Master templates correspond to the following deployed clusters in Hack Oregon:

  1. master.yaml - the historical "hacko-integration" cluster that has been used as test/staging/production since Hack Oregon's 2017 project season.
  2. (Coming soon) master-staging.yaml - a dedicated staging environment for all 2017+ Hack Oregon projects. Looser access to developers, deploys from develop branch or equivalent in each project, limited resources to keep costs down.
  3. (Coming soon) master-production.yaml - a dedicated production environment for all 2017+ Hack Oregon projects. Restricted access to developers, only deploys from master branch in each project, production-grade resource allocation (greater number of load-balanced tasks, higher Cpu and Memory resource allocation).

Updating and Rollback

This CloudFormation stack not only handles the initial deployment of the HackOregon infrastructure and environments, but it can also manage the whole lifecycle, including future updates. During updates, you have fine-grained control and visibility over how changes are applied, using functionality such as change sets, rolling update policies and stack policies.

Template details

The templates below are included in this repository and reference architecture:

Template Description
master.yaml This is the master template - deploy it to CloudFormation and it includes all of the others automatically.
infrastructure/vpc.yaml This template deploys a VPC with a pair of public and private subnets spread across two Availability Zones. It deploys an Internet gateway, with a default route on the public subnets. It deploys a pair of NAT gateways (one in each zone), and default routes for them in the private subnets.
infrastructure/security-groups.yaml This template contains the security groups required by the entire stack. They are created in a separate nested template, so that they can be referenced by all of the other nested templates.
infrastructure/load-balancers.yaml This template deploys an ALB to the public subnets, which exposes the various ECS services. It is created in in a separate nested template, so that it can be referenced by all of the other nested templates and so that the various ECS services can register with it.
infrastructure/ecs-cluster.yaml This template deploys an ECS cluster to the private subnets using an Auto Scaling group.
infrastructure/rds.yaml This is an example of how to deploy RDS postgres service on AWS. We can do a Single or Multiple AZ deploy.
infrastructure/ec2-instance.yaml Example of how to deploy the ec2 instances into the private subnet. The master.yaml template has examples for a bastion host and postgres db servers based on hackoregon db AMIs.
services/homelesss-service/service.yaml This is an example of the long-running Django DRF ECS service that serves a JSON API for the homelessness project. For the full source for the service, see HackOregon Back End Service Pattern.
services/endpoint-service/service.yaml This is an example of a long-running Nginx ECS service that provides a static catalog of available services via the load-balanced URL. For the full source for this service, see HackOregon Endpoint Service Catalog.
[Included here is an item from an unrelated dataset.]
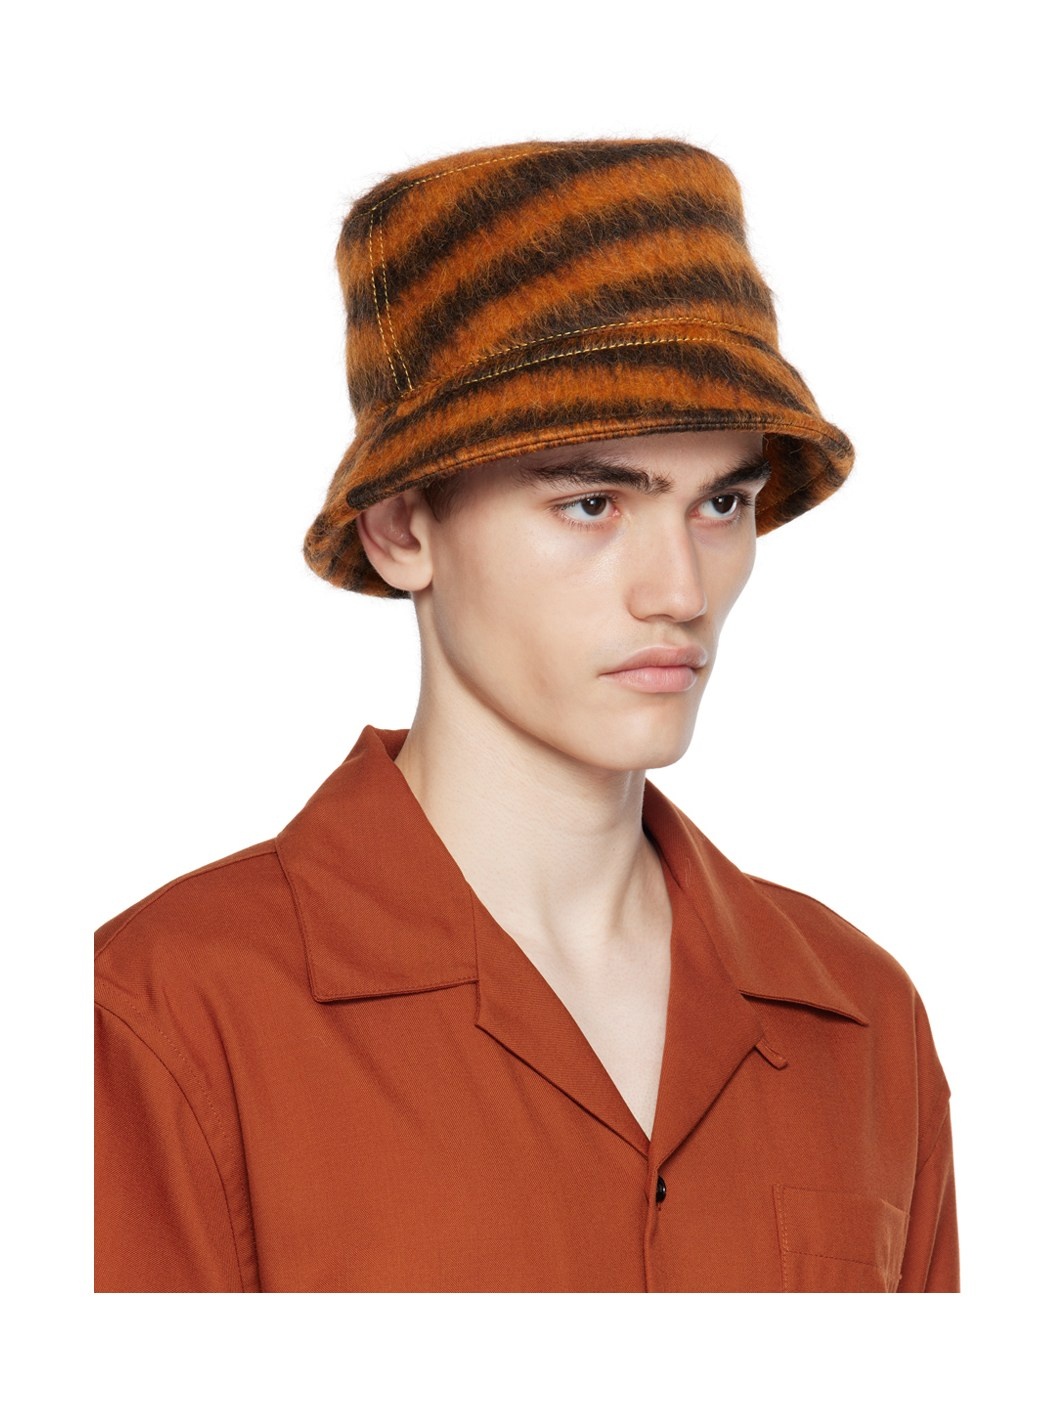 Black & Orange Striped Bucket Hat - 2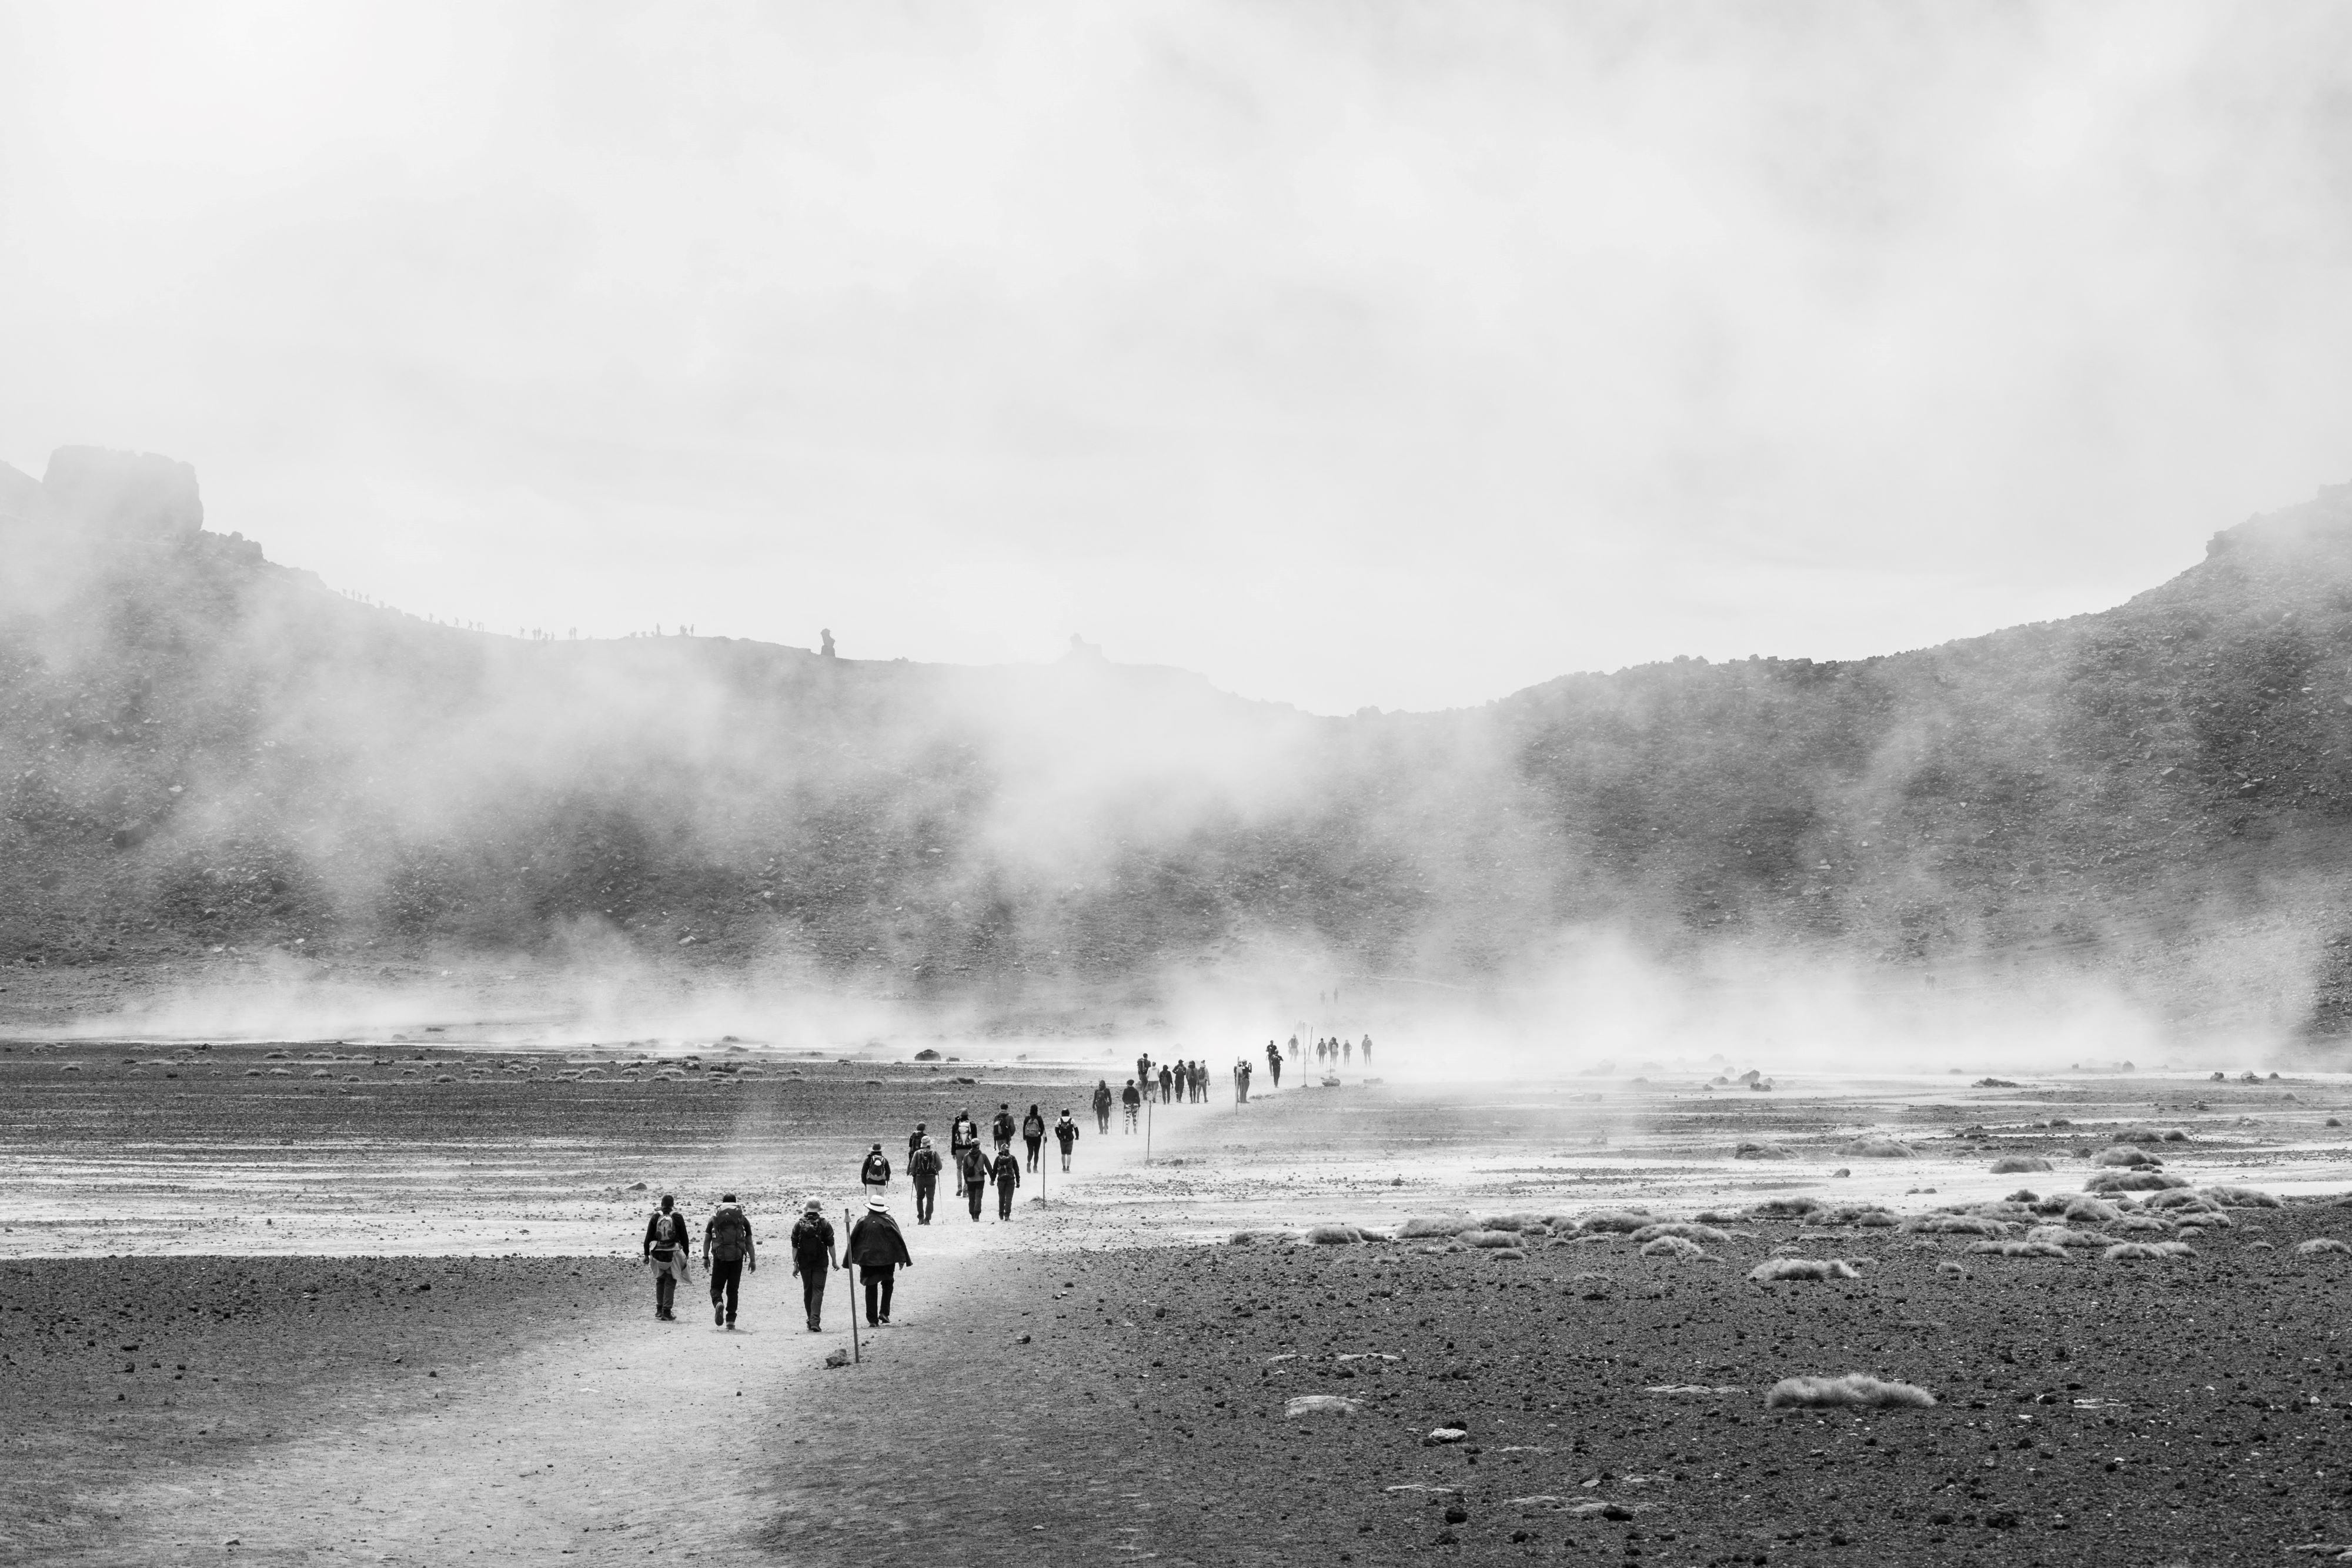 People walking across rocky terrain

After the CloudFormation templates have been deployed, the stack outputs contain a link to the load-balanced URLs for each of the deployed microservices.

stack-outputs

How do I...?

How to Deploy

Stack is setup to launch stack in the us-west-2 (Oregon) region in your account:

  • from the root of your copy of the repo, run aws s3 sync . s3://hacko-infrastructure-cfn --exclude ".git/*"
  • copy the URL for the master.yaml file from S3
  • go to AWS CloudFormation - if creating new stack (e.g. for testing), choose "create stack"; if updating an existing stack, select that stack then click the Update button

Security requirements

The account of the AWS user who initially creates the stack requires many privileges in AWS, including:

  • IAM Role creation
  • IAM Policy creation

Subsequent incremental Updates to an existing stack can sometimes be performed by AWS users with less privileges, depending on which stack objects are being created, updated or deleted.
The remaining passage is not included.